# Do You Spend "Big Money" on Sunglasses?



## Garbo (Oct 2, 2007)

I were Costa's. I fish 580s and love the dang things, but I feel they are overpriced, and Costa is making a Killing on each pair they sell. 

How much money do you spend on Sunglasses?





.


----------



## Austin (Sep 30, 2007)

You and I are in the same boat sir. Can't seem to wear anything other than 580's. But as for the price, I buy them at the Outcast sale every year, so I never pay retail :thumbsup:


----------



## sniperpeeps (Mar 5, 2011)

I wear 580's as well, but only because they were given to me. I like Calcutta's. 20 bucks a pair and they last a good while. If I break them or lose them, it's only 20 bucks. Been able to hang on to these Costa's since Christmas, doubt they will survive the summer though.


----------



## hjorgan (Sep 30, 2007)

Calcutta's work, and I have two pair of no-name $10 sunglasses that I bought on a Keys trip because I lost my "good pair". Wish I could find them again, they are great. They literally have NO MARKS or names or anything but I can see better with them than with Costas.


----------



## Gnwdad (Oct 14, 2007)

Wirelessly posted

I have 3 pair of Costas, I wore Oakley before the Costas. When I wore the cheap glasses I would lose or breaker them.


----------



## hsiF deR (Oct 4, 2009)

I'm weird about glasses. I wear them everyday so It helps me justify the $$$$. I wear 580's also. I'm not brand specific but that's all I have bought for the last ten years.


----------



## Snagged Line (Sep 30, 2007)

I was given a pair of Costa 580's by a good friend as a gift. I would have to replace them if they ever leave me.............. I have been infected by Polarization..............


----------



## SouthAlabamaSlayer (Oct 13, 2011)

I honestly can't go outside without my Costa's on.
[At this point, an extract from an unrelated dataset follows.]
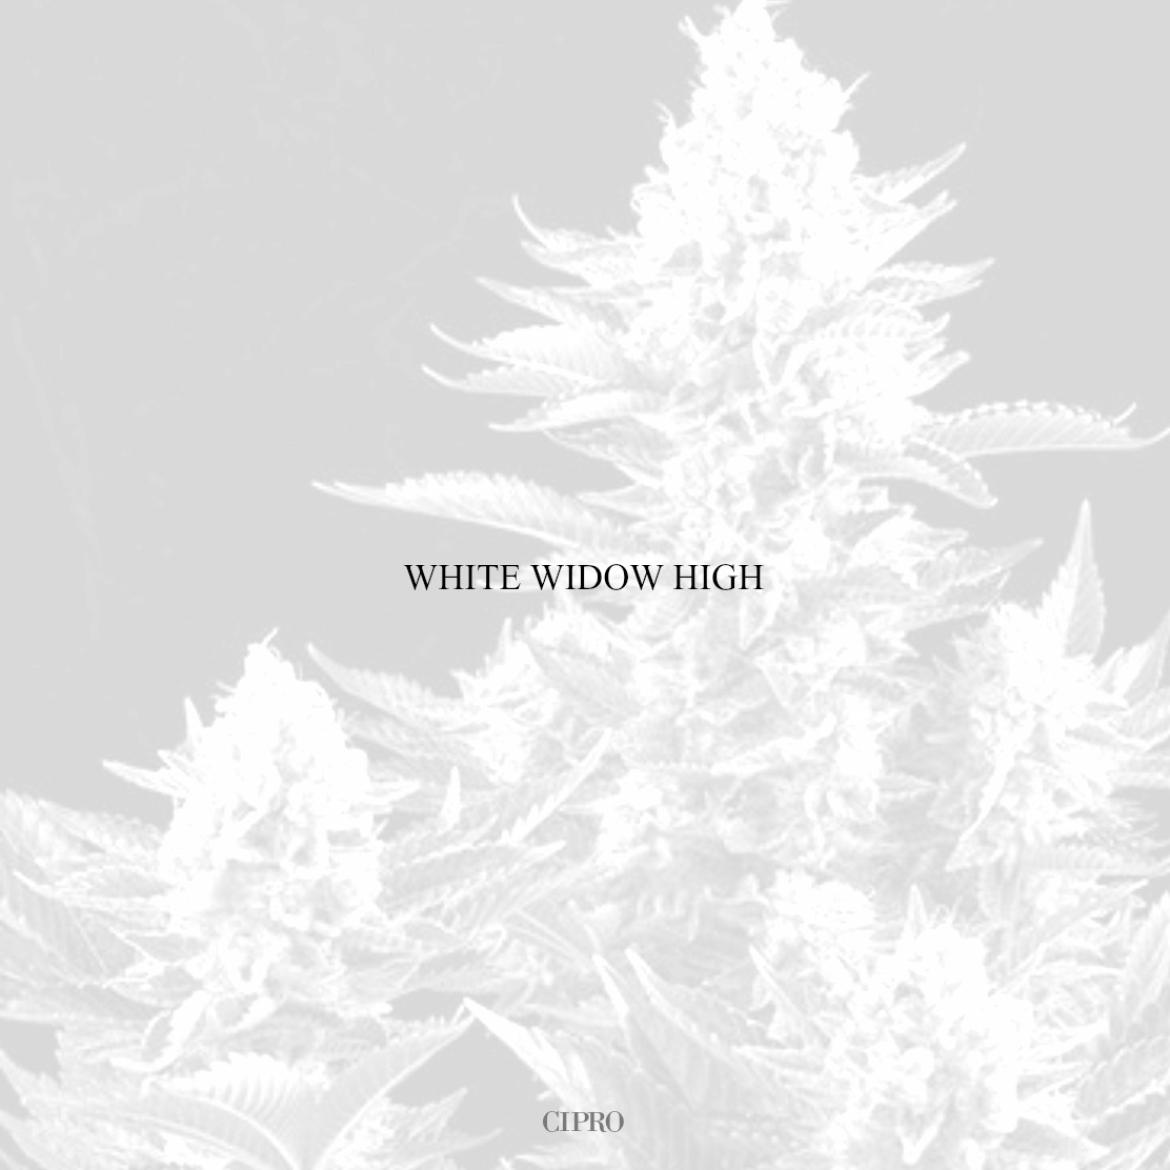 WHITE WIDOW HIGH by CIPRO

Been wearing a 580 vermillion lense on Wave Killer frames for 5 years now. I got them from a buddy for $40 dollars and I absolutely love them.


----------



## jcoss15 (Oct 11, 2010)

wear my costa's everyday at work and for everything else...said I would never pay that kind of $ for sunglasses until I bought my costa's now I will never wear anything else!


----------



## FishnGator (May 1, 2008)

I've had dozens of Oakleys, then I tried Polarized Costas for fishing. Then one day on a whim I bought a pair of Ray Bans. They were expensive as hell but the polarization is head and shoulders better than Costas. I sold the Costas soon after. I even bought a pair of the exact same Ray Bans for my prescription. Well worth the money.


----------



## Big Perm (Aug 1, 2011)

I'm in eye care. Spend the money for quality sunglasses if you can. We get so much direct and indirect sunlight that it is VERY harmful to your eyes. I'm not a soapbox or preachy guy, but this is one area that I wouldn't compromise cost on.


----------



## HUMMER Jim (Mar 6, 2012)

Maui Jim's. Polarized and all the other good stuff. I bought a pair right after I had Lazik eye surgery as a gift to myself after wearing prescription glasses half my life.
I won't go outside without them. Super comfortable, nice dark tint and the polarization is awesome.


----------



## reel lineman (May 10, 2009)

gidelines are good for the money i like the ones with glass leneses they have held up well for 4 years


----------



## Snatch it (Feb 17, 2009)

I lost my pair of costa 580's on the very last ride at Disney! I freaking loved them! I tried some knock off brands and the stunk compared to costas!!! My B-day is March 22. So I requested Tortoise frames green lens 580G blackfins!!! Will see what happens? Fingers crossed!!! I also am hoping for a pair of blue lenses 580g brines!!! Fingers crossed!!!!


----------



## Choozee (Jun 12, 2010)

I buy cheap sunglasses cuz I always loose them or scratch em. I opt for pricey handbags instead

Sent from my iPad using Forum Runner


----------



## SHO-NUFF (May 30, 2011)

buy a couple of pairs of "Peppers" a year. Great optics and about $30 a pair.


----------



## fishheadspin (Jun 9, 2008)

i have 3 pair of costa's ( 2 of which have to interchangeable lens) 

i have 3 pair of Maui Jim's. I love all of them equally but for all different reasons. 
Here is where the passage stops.